Separate eggs. Beat the egg whites and 3 tablespoons of cold water until stiff, adding 100 g of sugar. Stir the beaten egg white into the egg yolks. Mix flour, starch and baking powder, sieve onto the mixture and fold in.
Spread the mixture on a baking tray (32 x 39 cm) lined with baking paper. Bake in the preheated oven (electric cooker: 200 °C/ convection oven: 175 °C/ gas: level 3) for about 8 minutes. Drain the pineapple in a sieve, collecting the juice.
Mix rum and 6 tablespoons of pineapple juice. Remove the sponge cake from the oven, sprinkle with the rum-pineapple juice mixture and allow to cool. Squeeze lemon. Mix mascarpone, quark, liqueur, lemon juice and 50 g sugar with the whisk of the hand mixer until smooth.

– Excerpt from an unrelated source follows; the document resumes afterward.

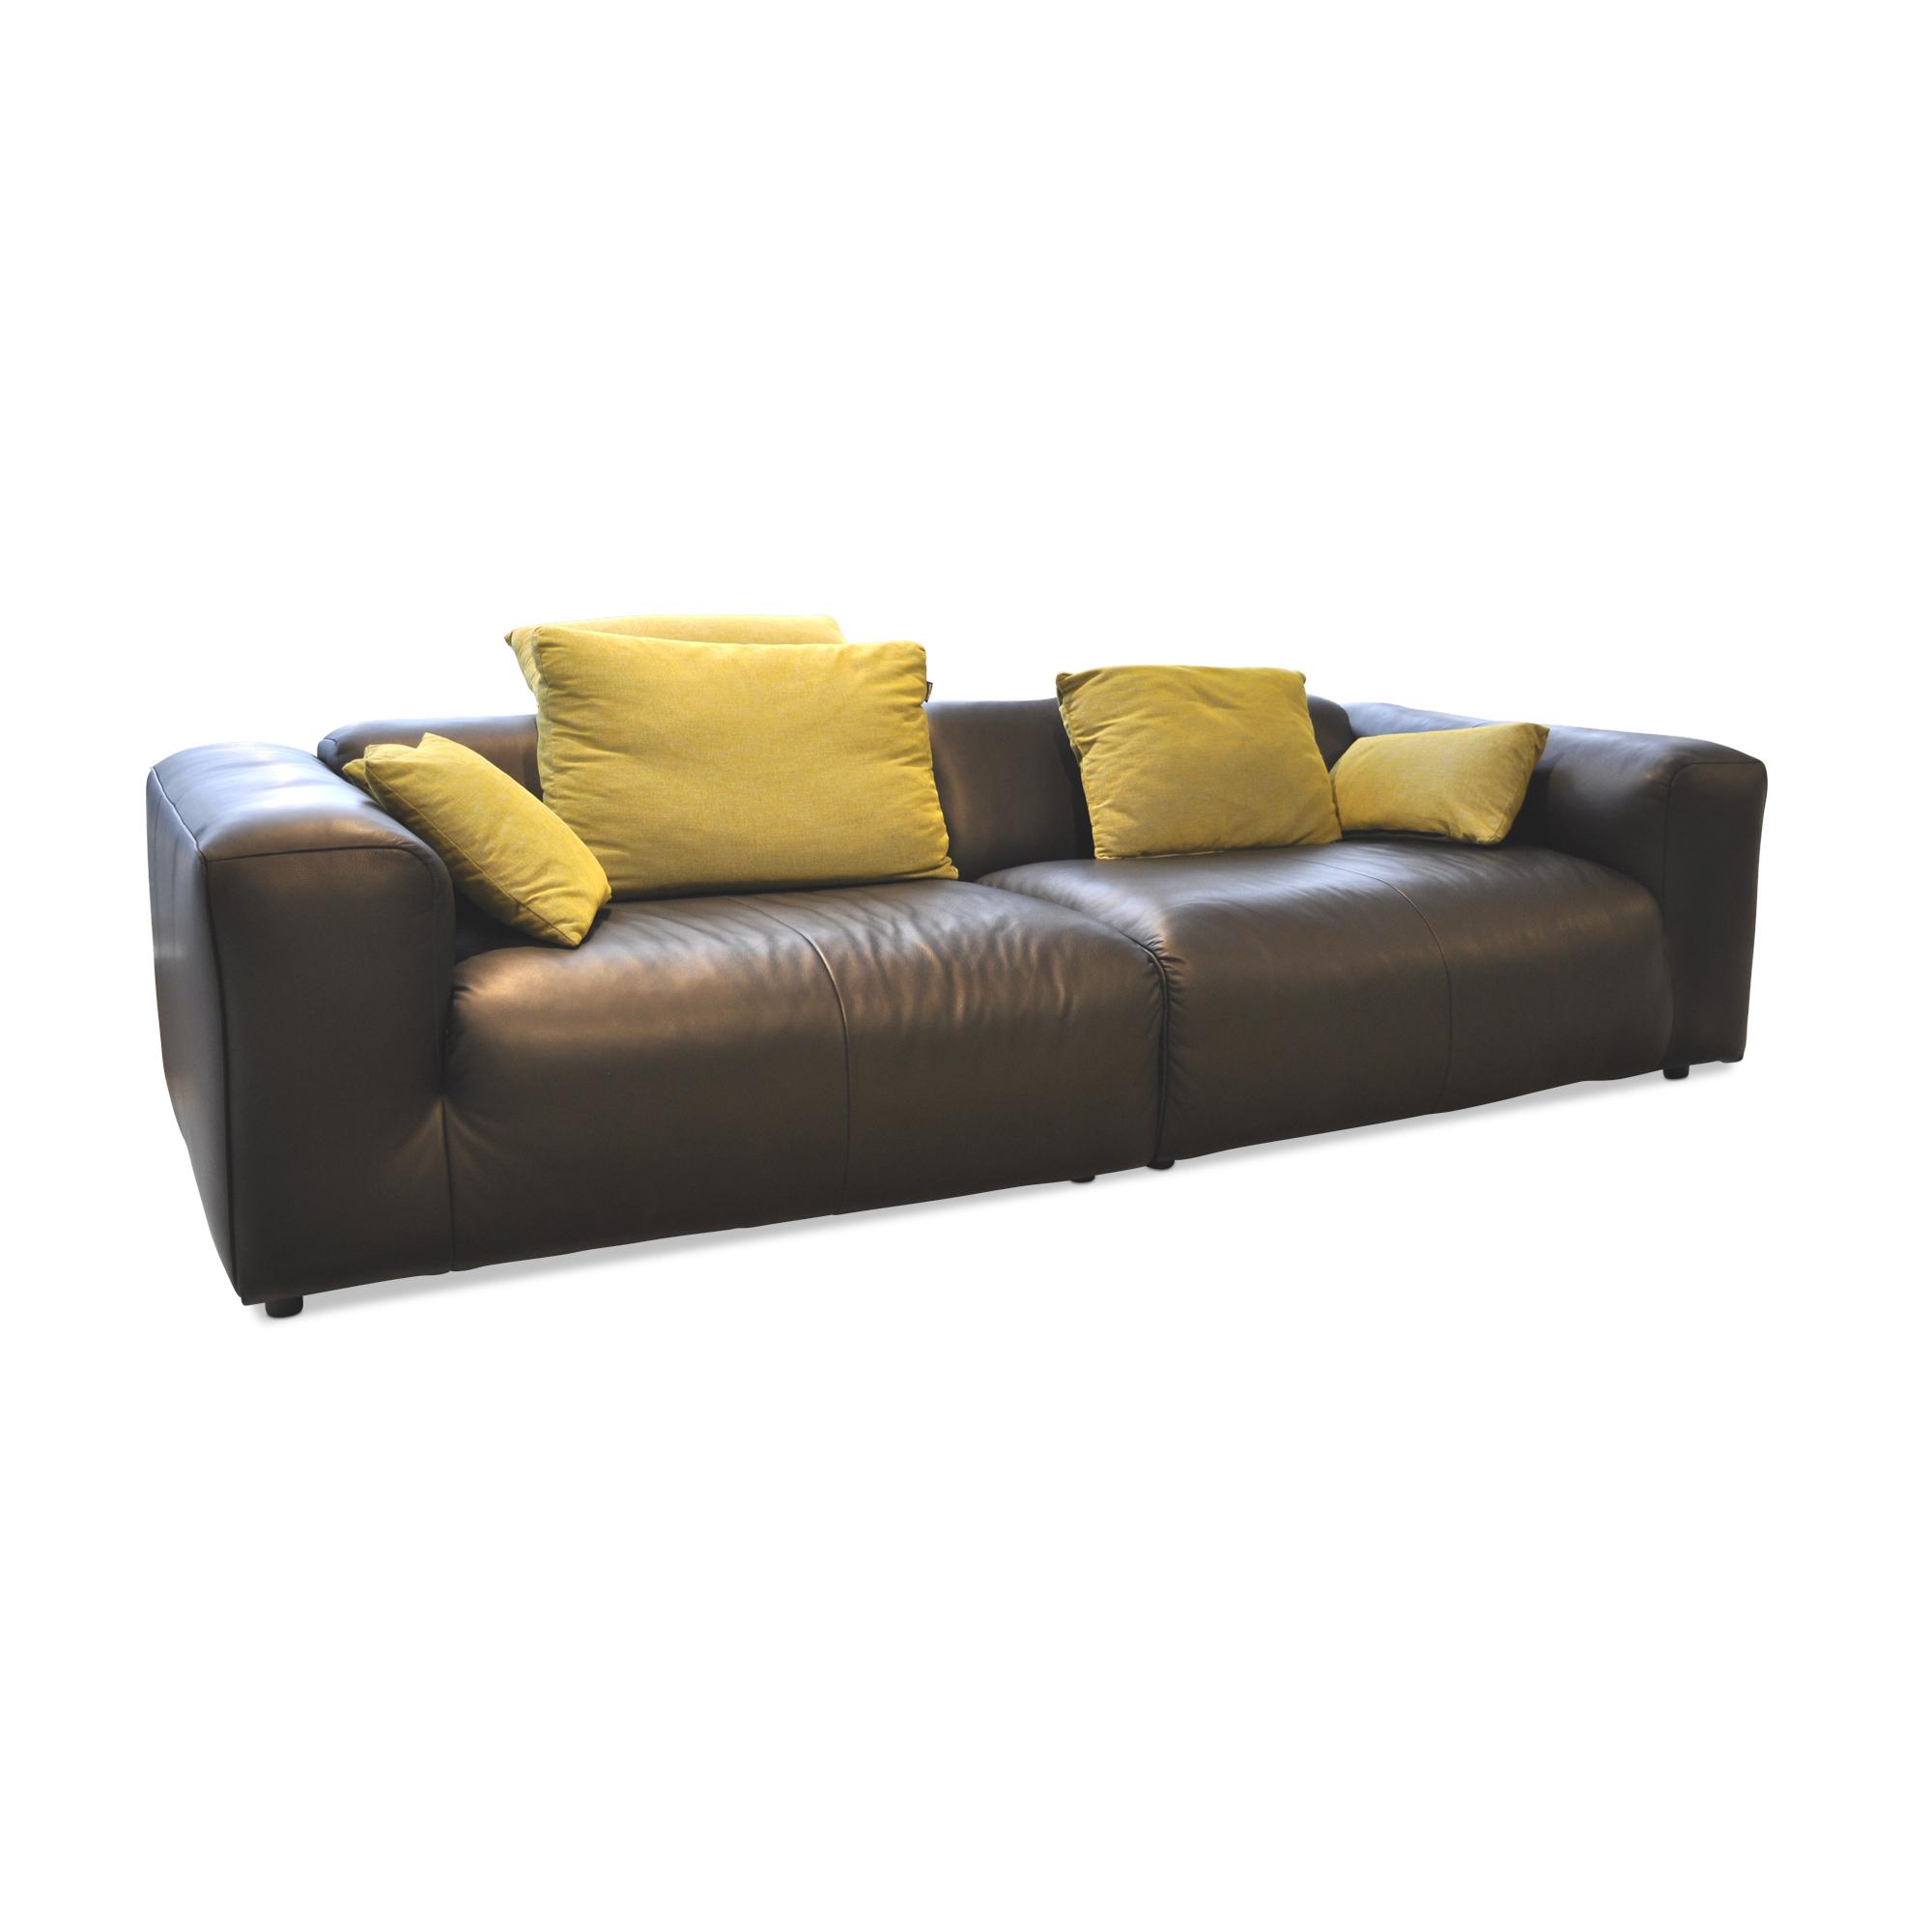 gnstiges latest excellent awesome gnstiges badmbel set list mdf wei mit markanten frsungen with. Black Bedroom Furniture Sets. Home Design Ideas

Whip the cream until stiff. Cut pineapple slices into pieces. Fold cream and pineapple pieces into the mascarpone cream. Sauté the coconut chips in a pan without fat, remove. Remove the sponge cake from the paper, straighten it all around (approx. 36 x 30 cm) and cut it into 30 squares (approx. 6 x 6 cm).
Place 1-2 teaspoons of cream on each of 20 squares and place 2 pieces on top of each other. For every 10 squares, put a small blob of cream and place on top of the cream tartlets. Decorate the tartlets with coconut chips and a cocktail cherry.